If we talk about DevOps, we are talking about avoiding the abyss, from the gap, which was usually found between the code development processes (Dev) and its subsequent maintenance (Ops). Imagine that in front of us is a high wall, on one side of which the developers are sitting, he creates a code, throws it through the wall. On the other side of the wall are people engaged in support. They catch the transferred application and start launching and maintaining. And these people know the details needed in the operation. For example, which ports and where will be allocated and open.

Instead of you having two separate groups of people with different interests, you want to make sure that they communicate with each other, decide what to do next, together determine what goals they will jointly try to achieve during the working day. So DevOps is a change in the culture of communication that helps colleagues in different technical teams to work for the common good: create business values, deploy software, and support it in their work. I think these are very important changes, and they bring with them accompanying new tools: if you do not have a culture of communication, then there is not much point in introducing the same CI / CD processes.

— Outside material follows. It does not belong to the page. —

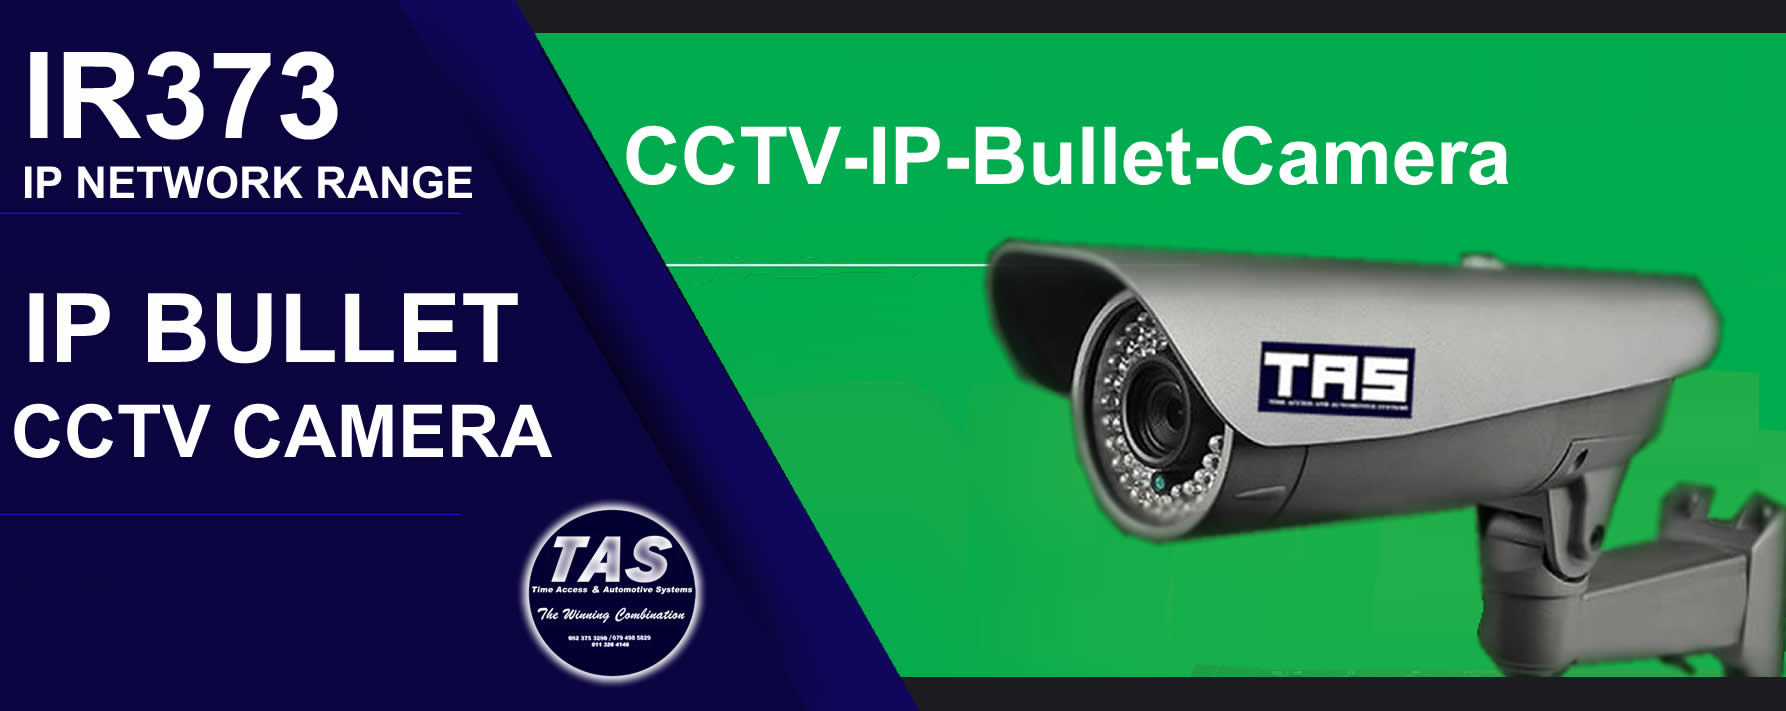 ir373 CCTV bullet Cameras security control banner

There is often confusion with DevOps and SRE. Some people believe that SRE competes with DevOps, others consider them to be completely different, overlapping concepts. In my opinion, they are not competitors, but close friends. Think about the approaches that underlie DevOps - reducing organizational costs, treating failures as a normal part of the workflow, gradually introducing changes, automating and implementing the necessary tools for this, using metrics to evaluate processes. As you can see, all this is very abstract: DevOps does not tell us how to reduce organizational costs or introduce gradual changes, it just tells you that it would be nice if they were implemented.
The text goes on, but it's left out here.